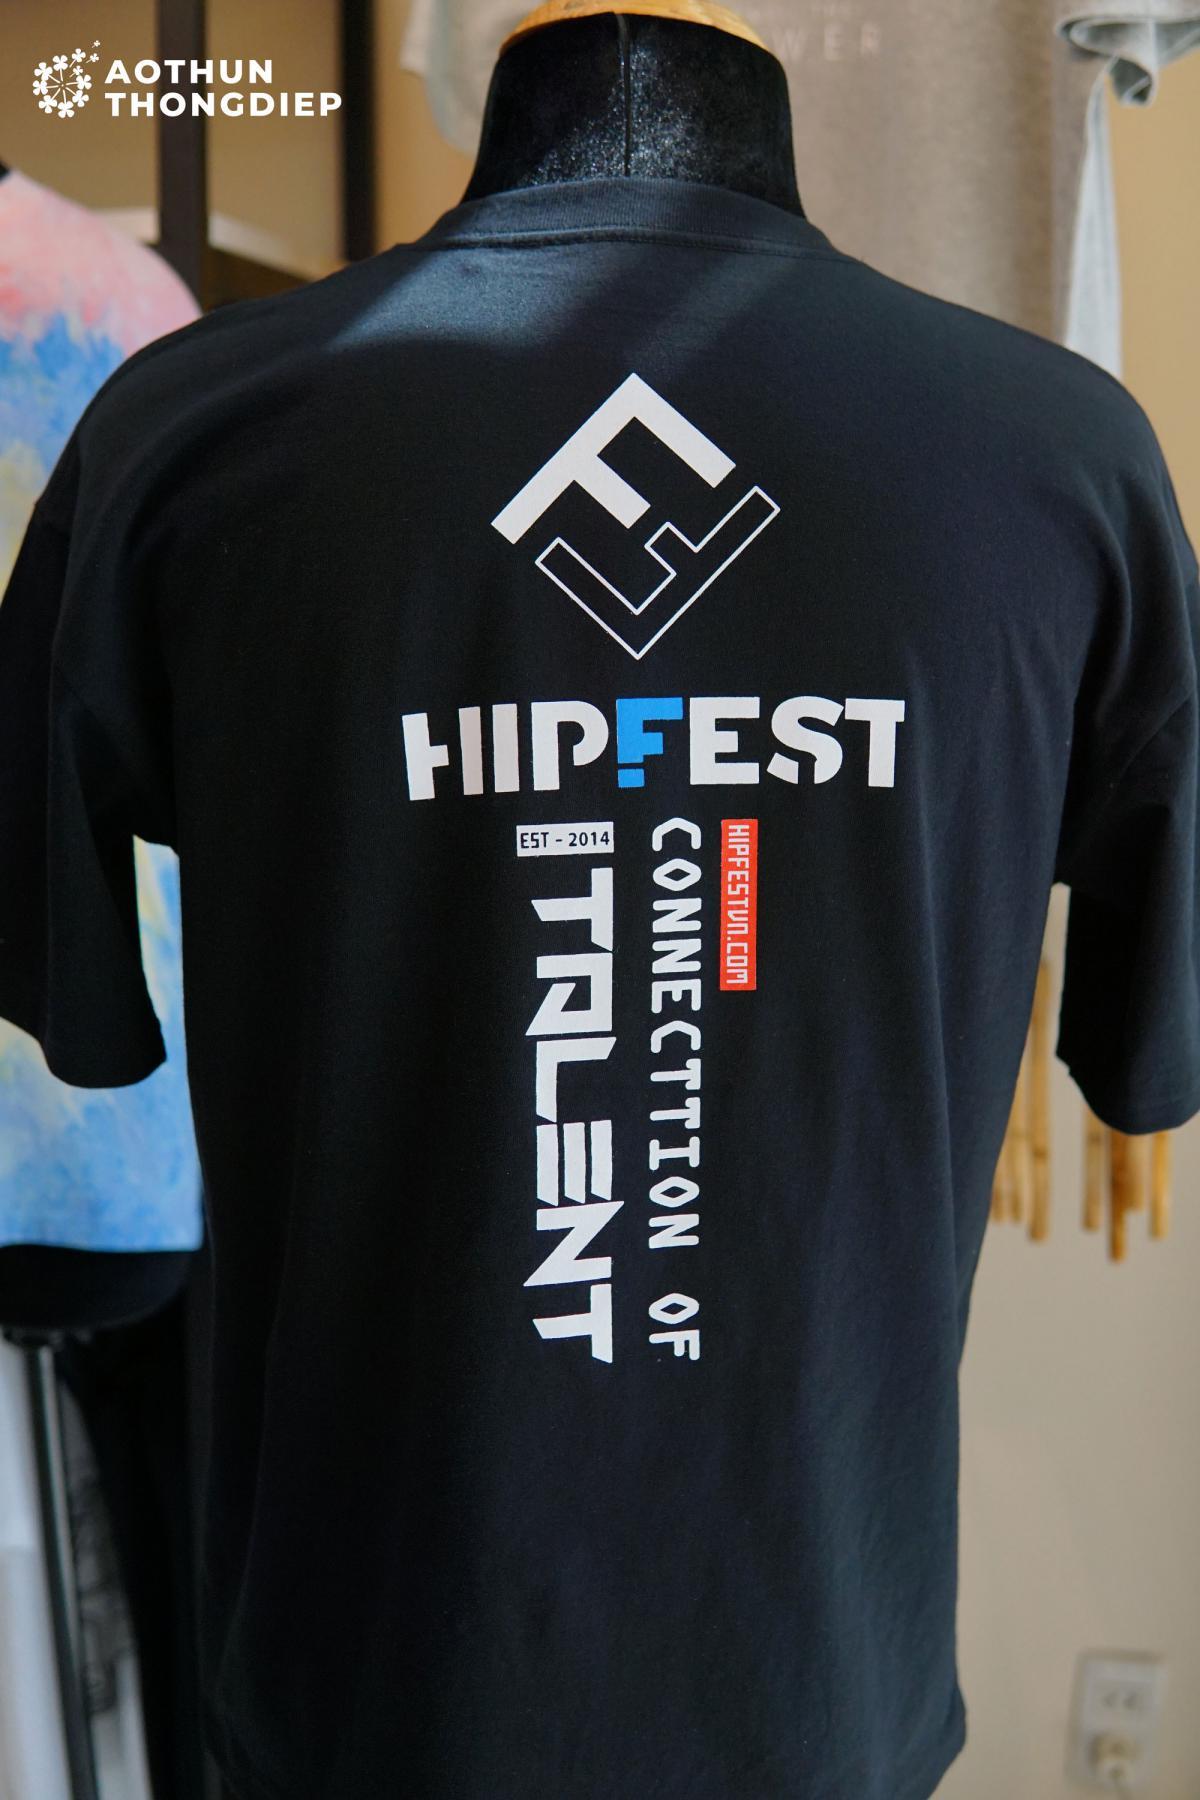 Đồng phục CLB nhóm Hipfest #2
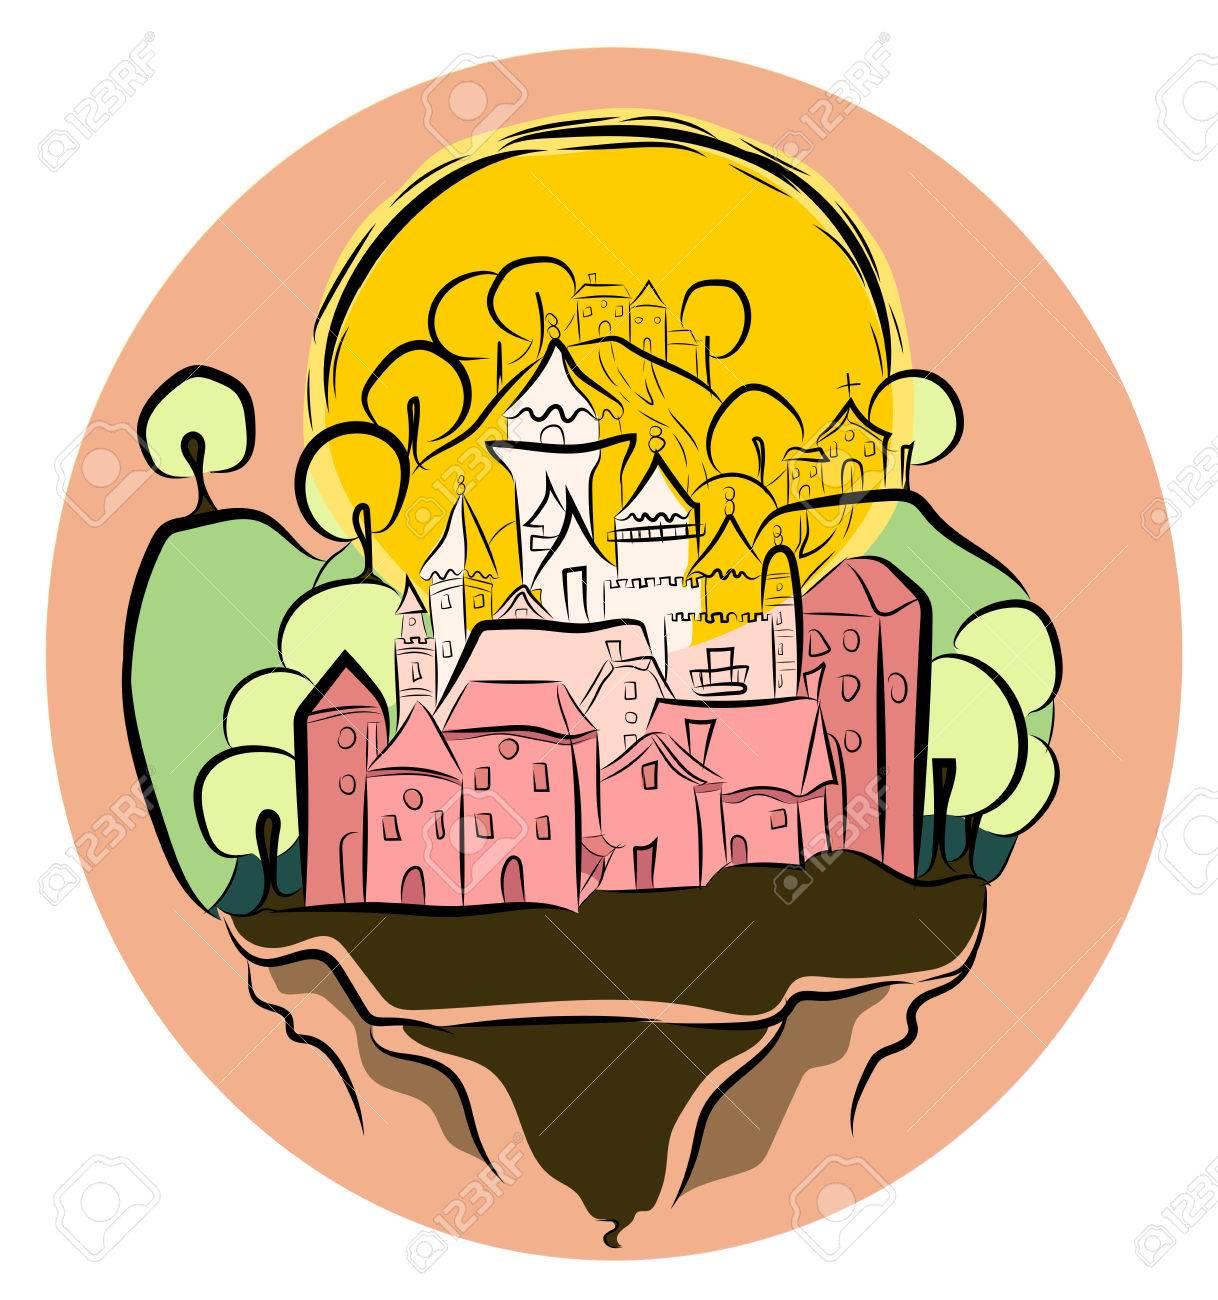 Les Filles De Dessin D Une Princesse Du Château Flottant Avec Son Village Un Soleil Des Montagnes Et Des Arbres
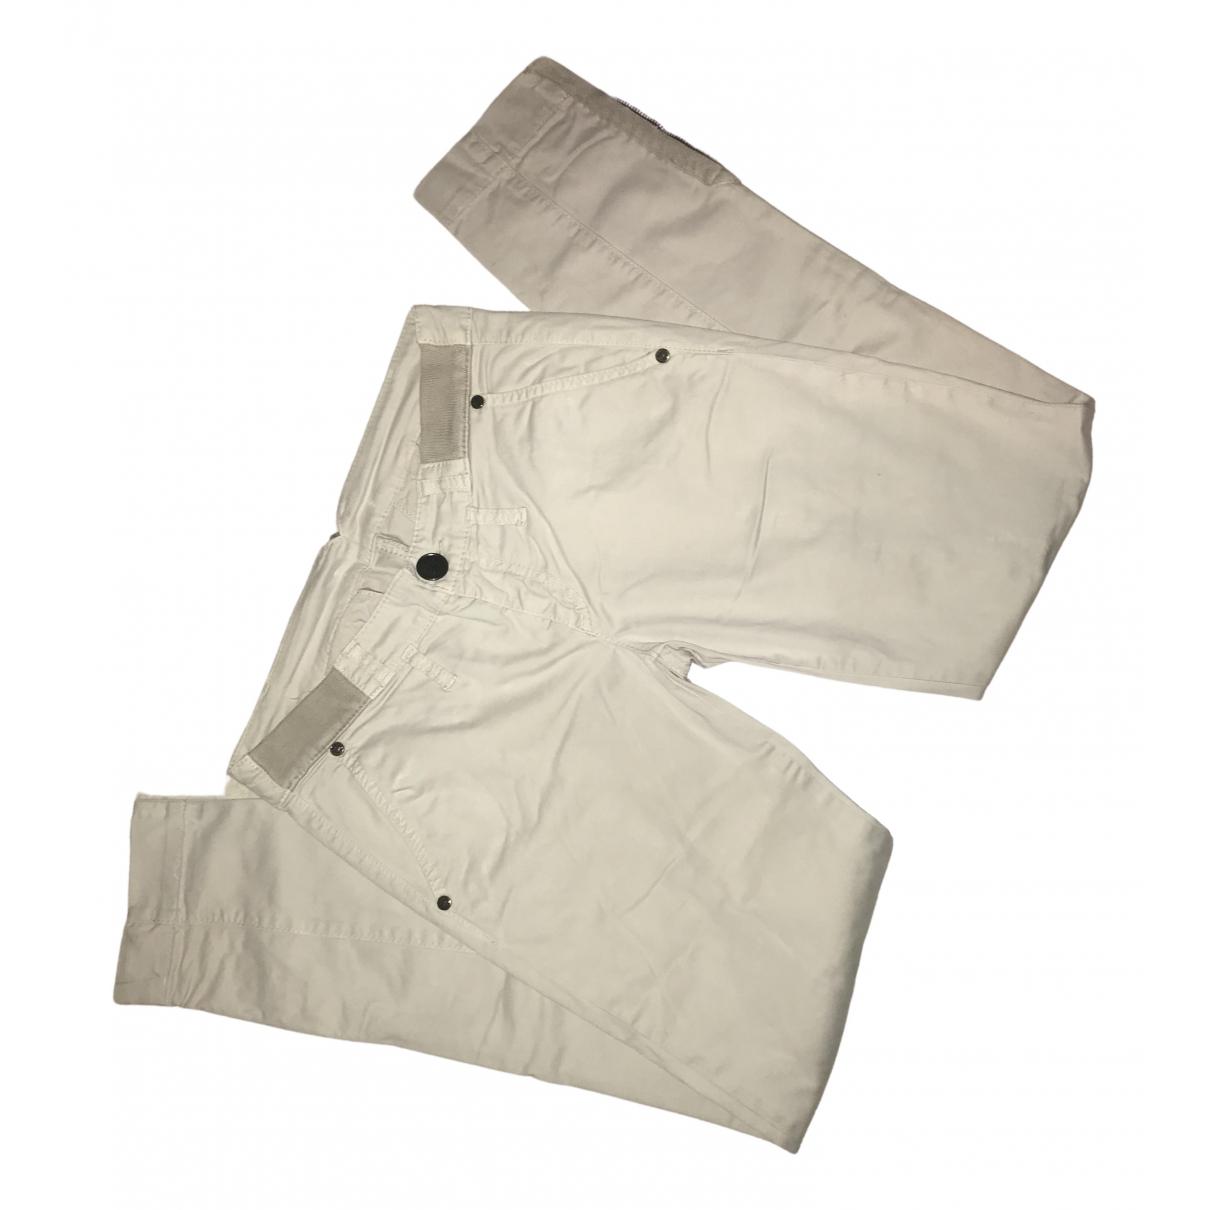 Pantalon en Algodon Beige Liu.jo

....................

▶ [EXERCISE OBJECTIVE]: Write out the data above precisely. Pictures stay out.

▶ [ANSWER TO THE PROBLEM]:
 Đồng phục CLB nhóm Hipfest #2
 Les Filles De Dessin D Une Princesse Du Château Flottant Avec Son Village Un Soleil Des Montagnes Et Des Arbres
 Pantalon en Algodon Beige Liu.jo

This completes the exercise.